For the magnetic field, the currents are one source of the magnetic, but this problem is more linked to the source of the current in the wire. For a conductor with finite conductivity, an electric field is needed in order to drive a current in the wire.
If we assume your wire is straight, this required field is uniform. One way to realize this field is by taking two oppositely charged particles and send them to infinity while increasing the magnitude of their charge to maintain the correct magnitude of electric field. In this limit, you will obtain a uniform electric field through all space.
Now, put your conductor in place along the axis between the voltage sources--a current will flow. In the DC case, this gives rise to the magnetic field outside of the wire. As for the electric field, a conductor is a material with electrons that can move easily in response to electric fields and their tendency is to shield out the electric field to obtain force balance. Because the electrons can't just escape the conductor, they can only shield the field inside the conductor and not outside the conductor. With this model, we see that the electric field is entirely set up by the source and placing the conductor in the field really just establishes a current. Note here that if you bend the wire or put it at an angle relative to the field, surface charges will form because you now have a field component normal to the surface.
For the limit of an ideal conductor, no electric field is needed to begin with to drive the current and so there isn't one outside the wire.

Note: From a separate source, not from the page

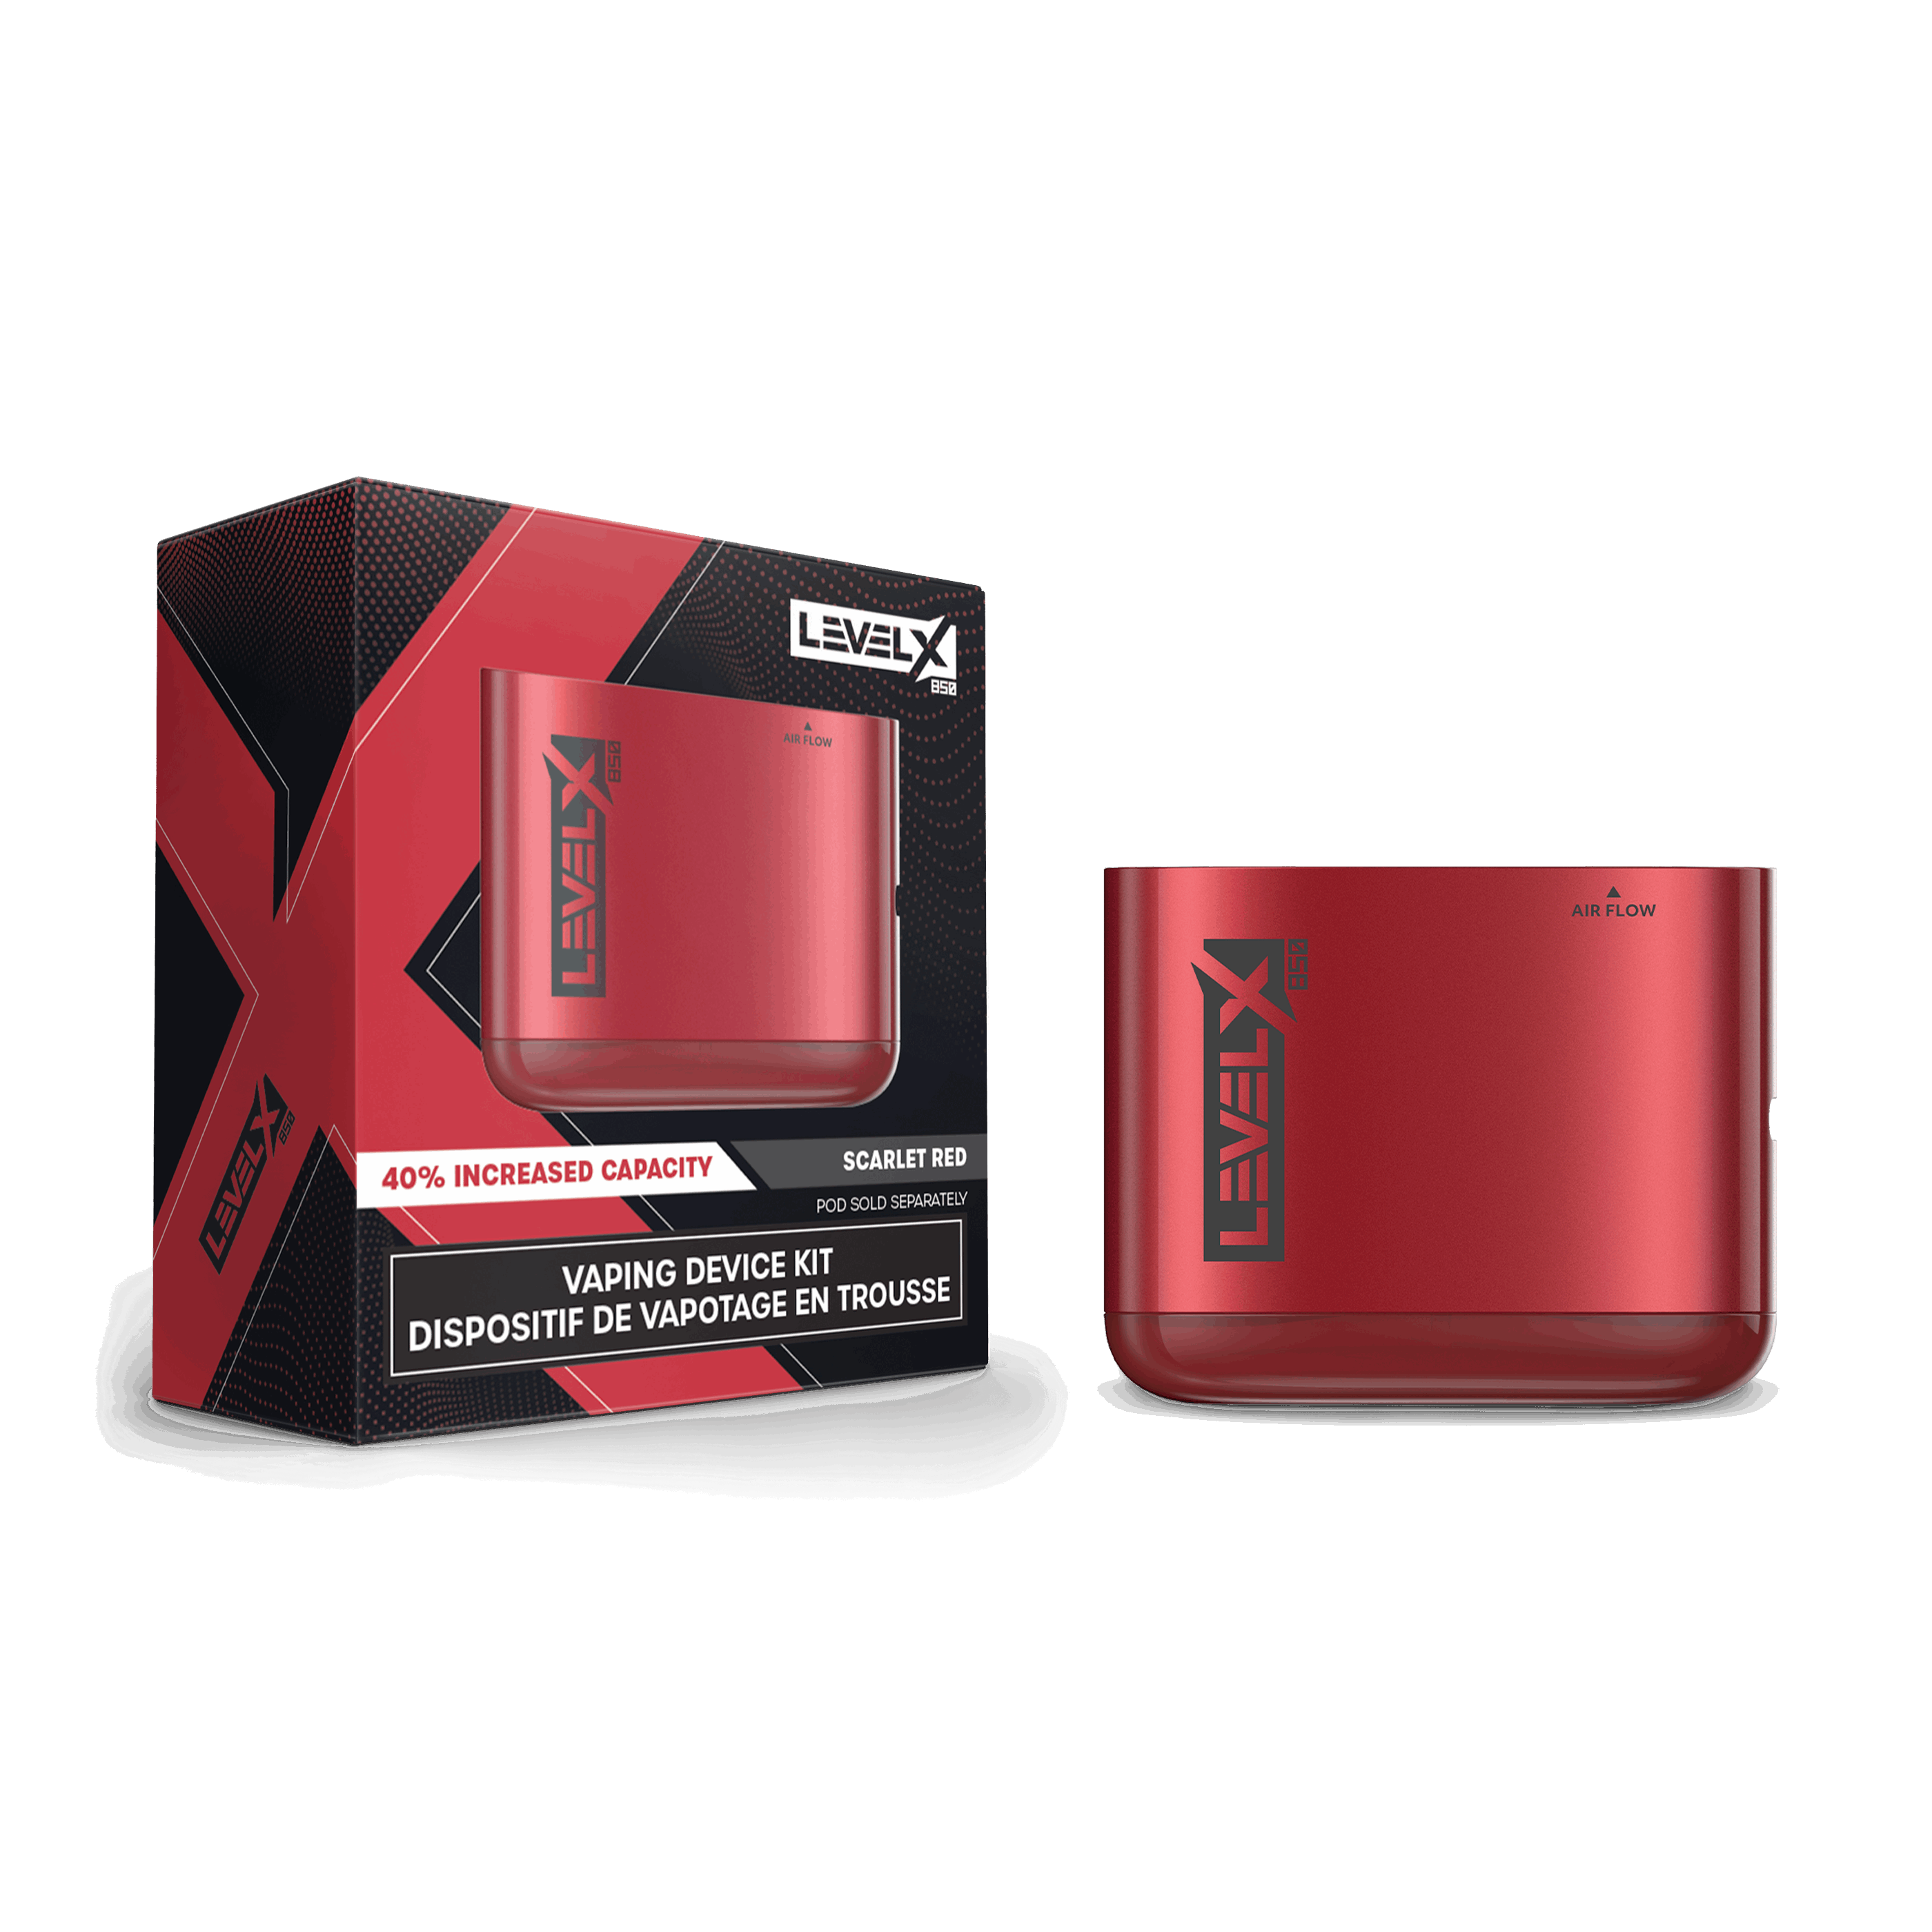 Flavour Beast Level X Device Kit 850 - Scarlet Red

For the AC case, solving for the fields becomes wildly complicated very fast as now the electric field driving particle currents has both a voltage source and a time-varying magnetic source through the magnetic vector potential. The essential physics is the same, though, as the source will establish the fields (in zeroth order), and the addition of the conductor really just defines the path for particle currents to travel. In the next order, the current feeds back and produces electromagnetic fields in addition to the source(s) and will affect the current at other locations in the circuit.
I guess a short answer to your question is that there are always fields outside of the current-carrying wire and the electric field outside disappears only in the ideal conductor limit. Conductors generally do not require very strong fields to drive currents anyway so that the electric field outside is usually negligible, but don't neglect it for very large potentials in small circuits.
The work comes from the battery that is driving the current through the wire.
Even if the wire were stationary, the battery would be supplying work at a rate $I^{2}R$. But with the wire moving, the battery would need to be supplying extra work at a rate $\mathscr{E}I$ in order to overcome the emf generated by the moving wire.
Now, $\mathscr{E}$ is equal to the rate at which the wire cuts magnetic flux so $\mathscr{E}=BLv$ (in which $v=\frac{d}{t}$), so the extra rate of doing work has to be $\mathscr{E} I=BLvI=BLdI / t $. And this is equal to the rate of mechanical work done on the wire!
Best Answer
The claim, "the magnetic force does no work," while technically true, is misleading in so many situations and actually helpful in so few that we probably shouldn't put as much emphasis on it as many textbooks do. The magnetic field stores energy, and a change of the configuration of a system (like moving a current) can convert that stored energy into other forms, so the system will certainly behave as if the magnetic field is doing work, but careful analysis will always show that it's not actually the magnetic force that's doing the work associated with the change of magnetic energy. Usually it's an electric force.
In your example, I think the subtlety lies in assuming that $I\vec{\ell}$ for the current $ = q \vec{v}$ for individual charges. The charges will tend to change trajectory, i.e. $\vec{v}$ changes, due to the magnetic field, but $\vec{\ell}$ maintains its direction. Why? Because the wire (magically? We never really explain it very well in class) constrains the charges to move along its length in spite of their lateral movement produced by the magnetic field. As others have said above, the wire exerts a force on the charges to keep them in a straight line, and so the charges exert a reaction on the wire which moves it.
So technically, the magnetic force isn't doing any work on the current; it's just redirecting the force that would otherwise be pushing the current down the wire so that that force has a component pointing perpendicular to the wire instead.
Now for the bonus question: a magnetic dipole, e.g. a current loop or a small refrigerator magnet, will experience a force in a nonuniform magnetic field (though not in a uniform one). The dipole will then accelerate if this is the only force acting on it, so work is being done on it. If it's not the magnetic force doing the work, then what is it? (Really, as in this case, it gets silly sometimes to insist the magnetic force isn't doing work. For many intents and purposes, you might as well treat it as though it is.)